**EXERCISE BRIEF:**
The answer is to be the lines below that lie between the line holding "Perceeloppervlakte Papaverstraat 36-B" and the line holding "Rock concert at", inclusive, transcribed exactly and free of pictures.
── RECORDED DATA ──
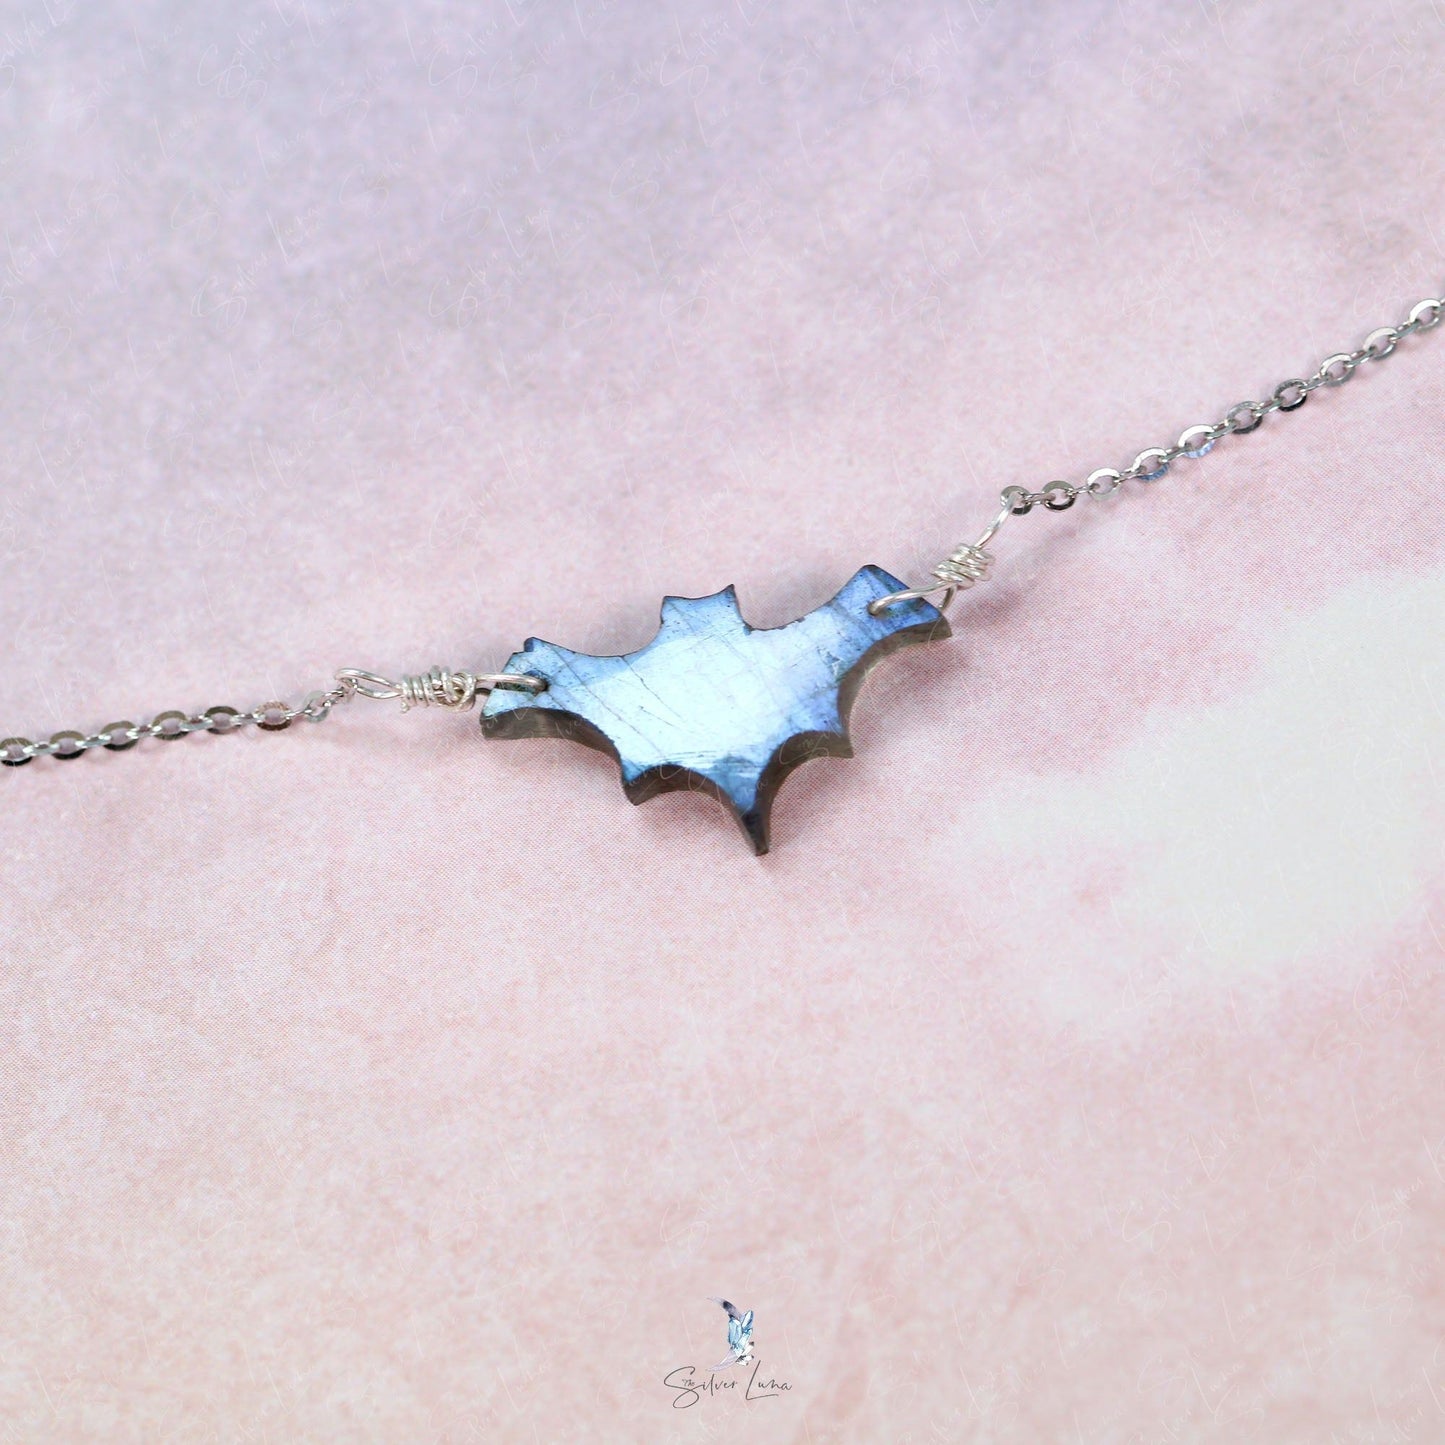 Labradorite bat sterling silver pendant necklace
───
── RECORDED DATA ──
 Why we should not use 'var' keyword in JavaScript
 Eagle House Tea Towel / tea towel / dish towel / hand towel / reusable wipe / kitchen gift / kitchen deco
───
── RECORDED DATA ──
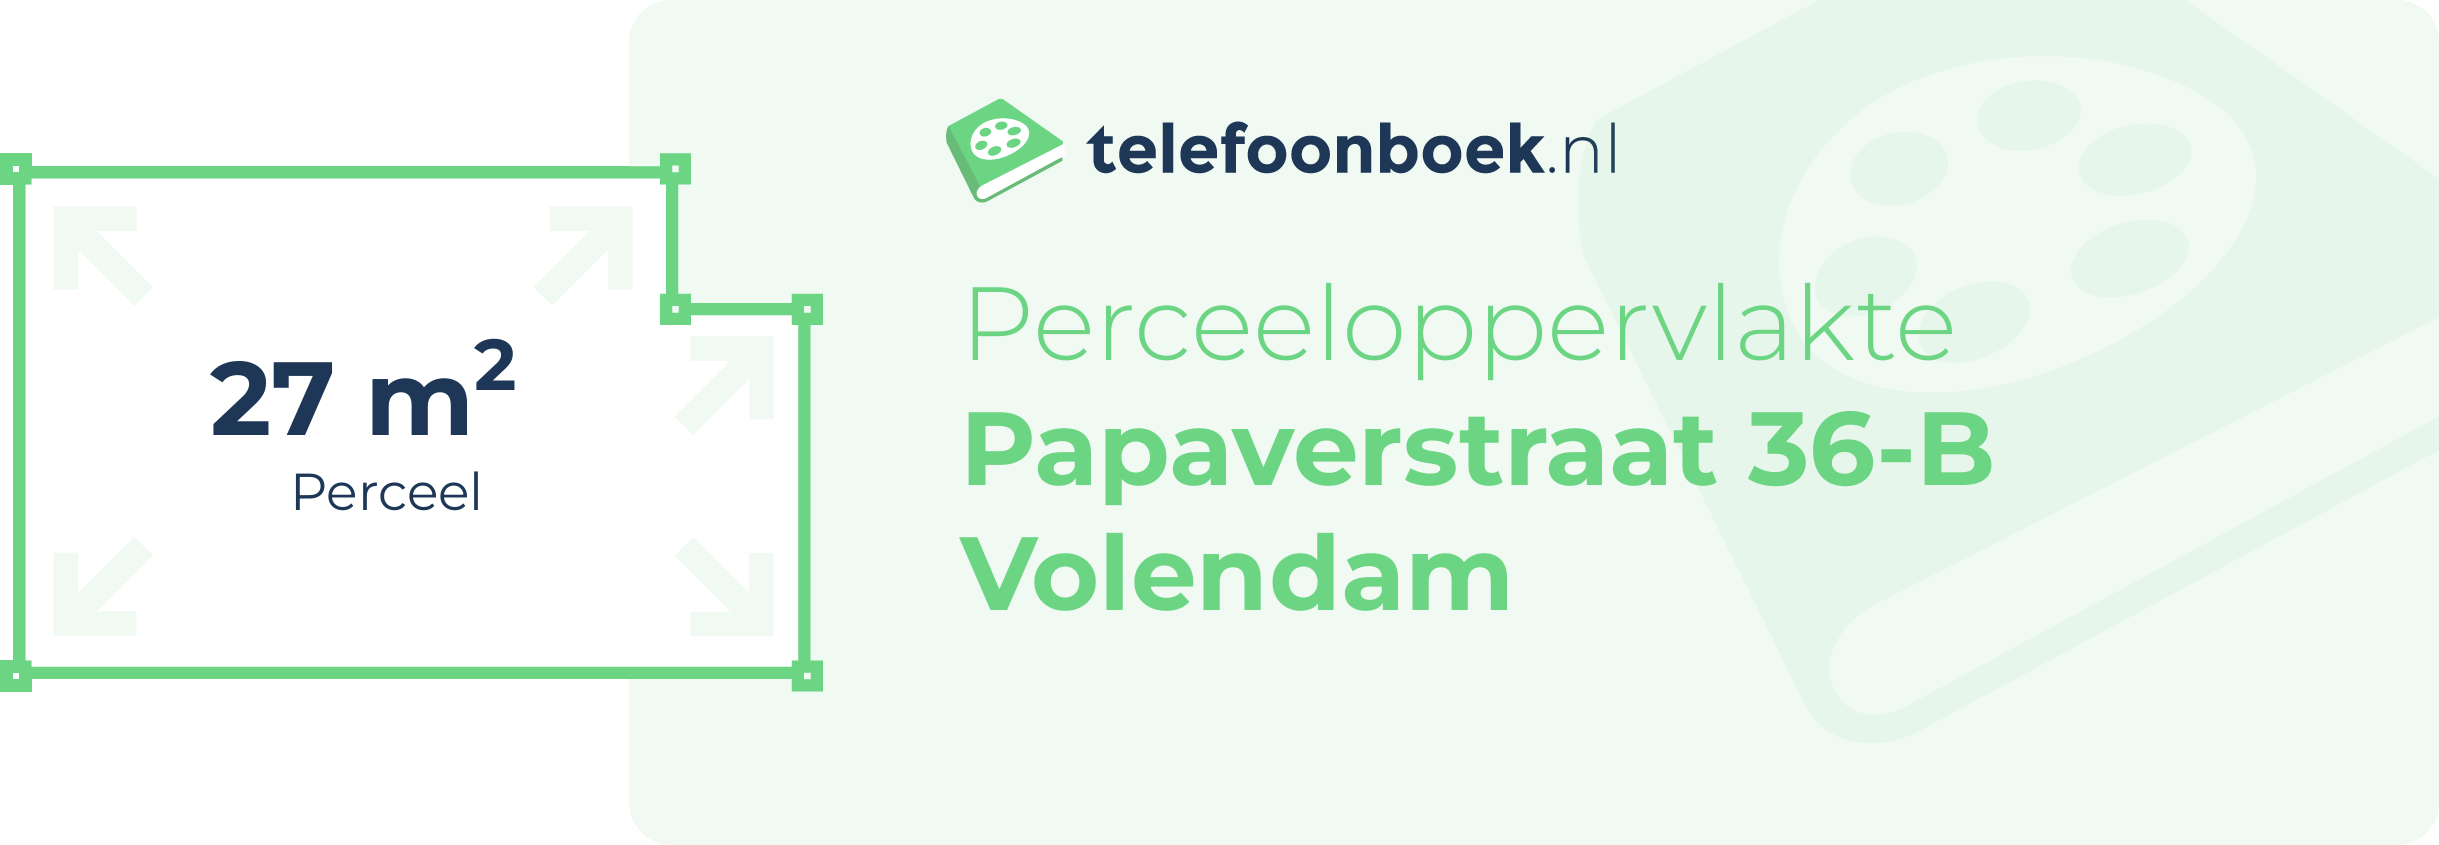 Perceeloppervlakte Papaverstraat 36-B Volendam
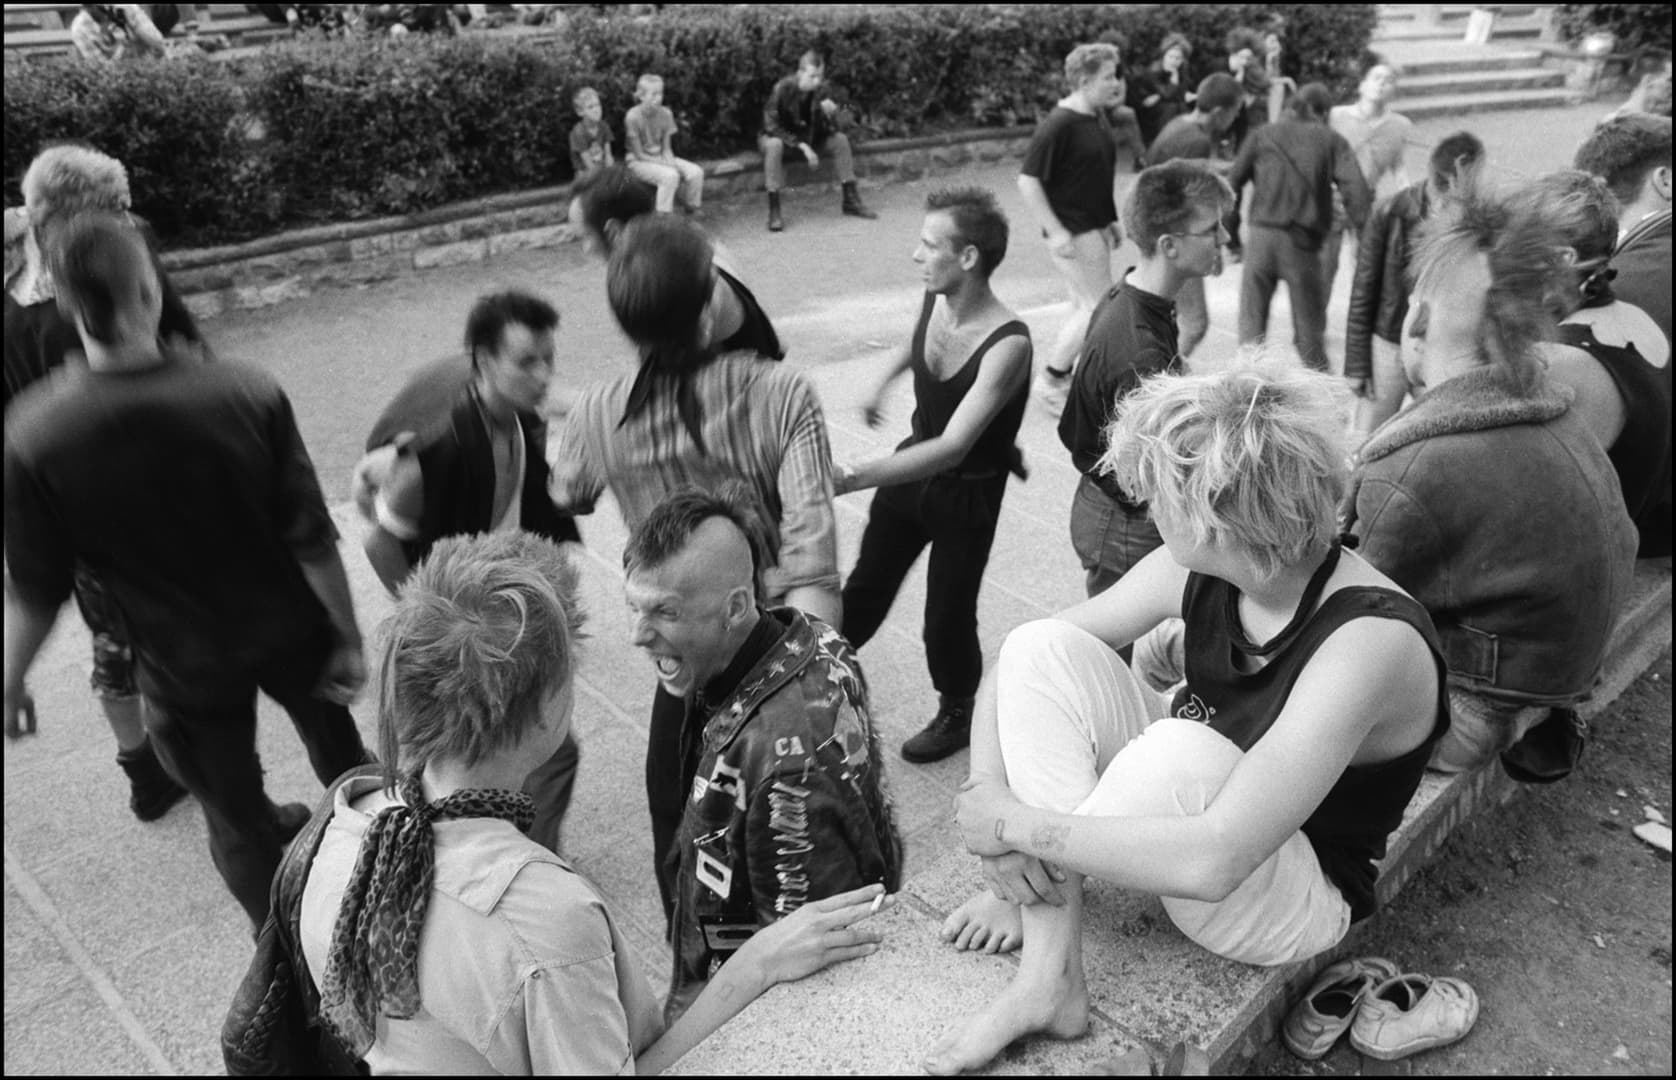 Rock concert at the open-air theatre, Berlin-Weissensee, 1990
───
**FINISHED EXERCISE:**
 Perceeloppervlakte Papaverstraat 36-B Volendam
 Rock concert at the open-air theatre, Berlin-Weissensee, 1990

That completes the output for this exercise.